This allows the item set to be mined for each partition independently or simultaneously. Candidates are generated by a node's pathfinding as the projection method. For good measure, the proposed suffix-based segmentation is an instance of prediction, a method of dynamic construction. Our plan is meant to help us spend less time reading meaningless content. Due to the restrictions of sup and uo, it is possible to immediately pass over a large number of useless objects that don't need to take part in the computation, or even full elements of a subdivision. Fewer resources are needed to store temporary data, and computations are more efficient. As an example, while the projection method reads the entire dataset into memory, the suggested method loads only a tiny subset at a time.

Therefore, it drastically reduces the amount of RAM a mining operation needs. When importing partitions, for instance, this strategy ignores data whose support is less than the limit. This reduces the amount of data that must be moved into memory for processing, which in turn reduces the amount of computational load.As an example, the SHO algorithm makes use of the concept of SP strategy since the RAM cannot retain the transaction database in its whole. We may acquire sup and uo of an itemset just in a given partition as opposed to accessing the full database by using suffix-based partitioning, as we assume that each partition containing the same suffix-item is too tiny to be retained in the memory. Second, a more space-effective vertical structure is developed to keep track of the utility-list of each object in partition.

As a result, both the input/output cost and computational overhead can be drastically cut down. Therefore, we believe the following to be the key reasons why the performance of the HUOPM algorithm suffers significantly when the size of UO-List is quite huge. It is necessary to continually construct elaborate data structures for use in the HUOPM algorithm and then recover those structures for further processing. New itemsets are mined by performing intersection counting on two tid sets; at the very same time, the UO-List and FU-table are built to store itemset data.

The calculation cost of intersection is particularly high when calculating itemsets with big tid set, especially to 2-candidate-itemsets and the 3-candidate - itemsets, since the efficiency of intersection degrades horribly as the length of the tid set rises. As a result, when tid set is big, the algorithm is much less effective than the direct counting approach. As a result, HUOPM's pruning search is ineffective. In order to create a (k + 1)-itemset from two K-itemsets, it is necessary to do an intersection-counting comparison on each member of the tid sets of the two itemsets. It will take a substantial amount of time to determine the connection between the two 𝑡𝑖𝑑 𝑠𝑒𝑡𝑠.

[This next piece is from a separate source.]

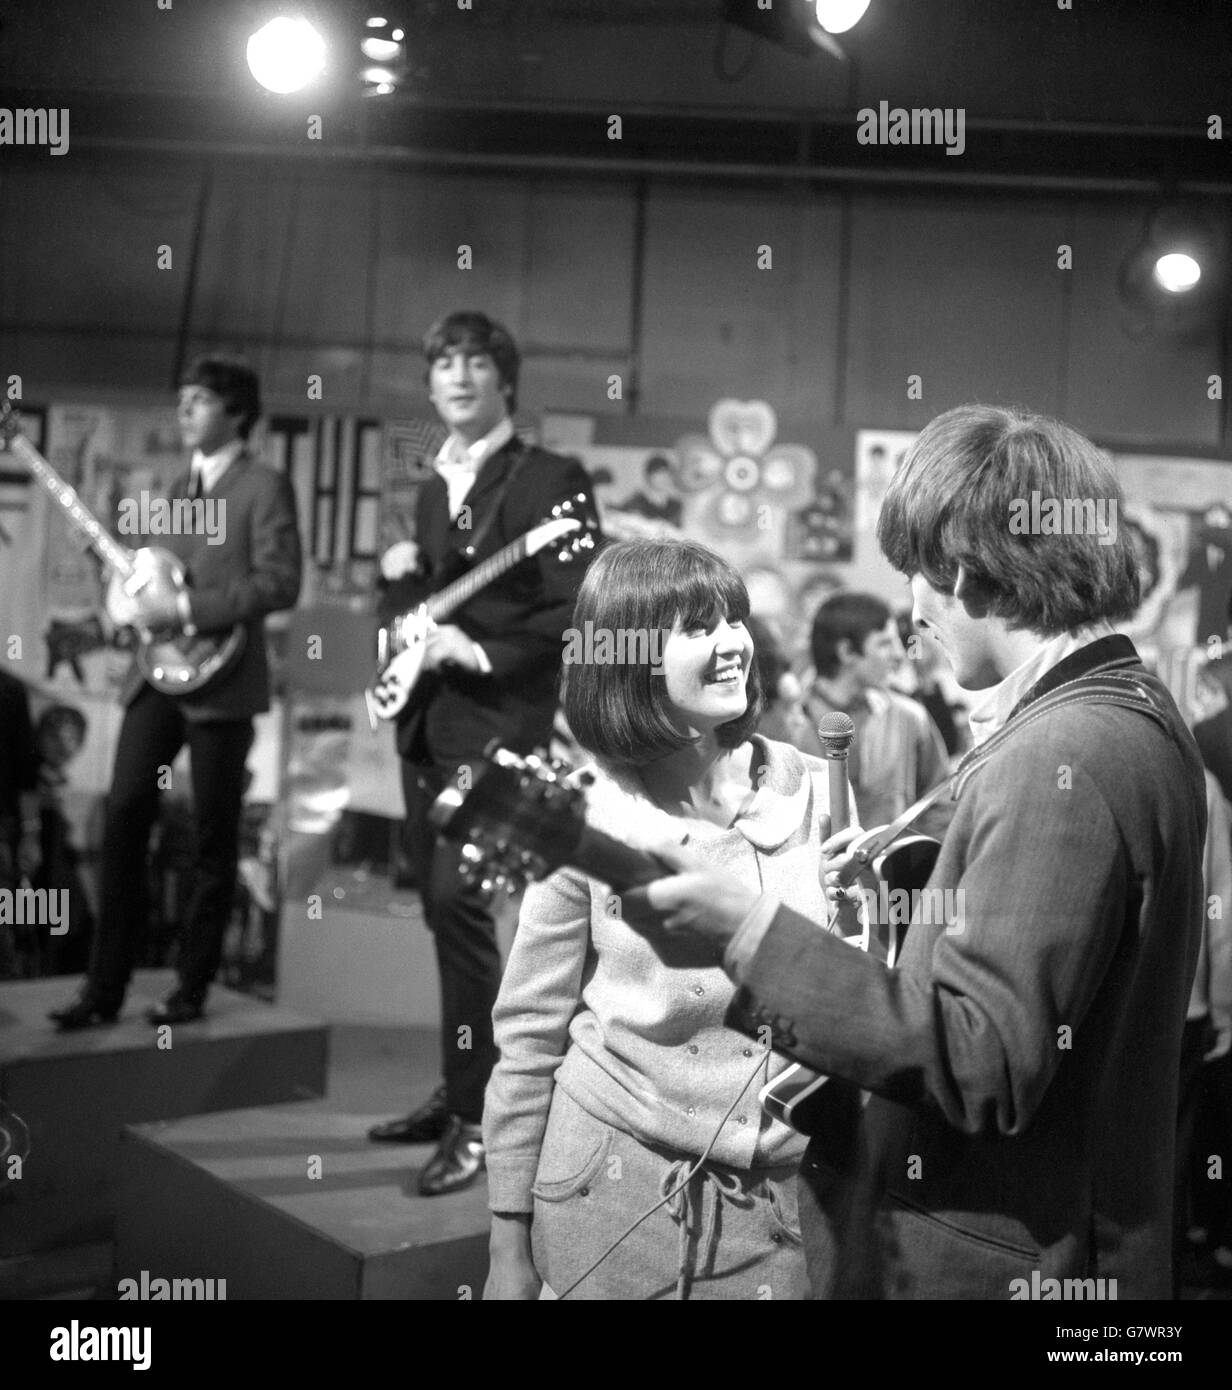 The crowds of Beatles fans outside the building had had to struggle gust to get a glimpse of their idols. But here's a girl inside Television House, Kingsway, London, who could actually talk to them - officially. She is CATHY McGOWAN, teenage adviser to the Independent television pop programme 'Ready, Steady, Go', and is seen interviewing GEORGE HARRISON at the rehearsal which preceded The Beatles' appearance. The two members of the group seen in background are PAUL McCARTNEY (left) and JOHN LENNON. Stock Photo

The cross-intersection method is quite inefficient when itemset has a very big tid set but is not HUOI. It produces several potential subset objects, where each subset consists of k items. In this way, HUOPM produces many subsets, severely diminishing the algorithm's performance. In this work, we think about how to minimise the time spent scanning the entire database and coming up with potential candidates. As a result, the SHO algorithm can only store the most frequently used 1-itemsets in RAM.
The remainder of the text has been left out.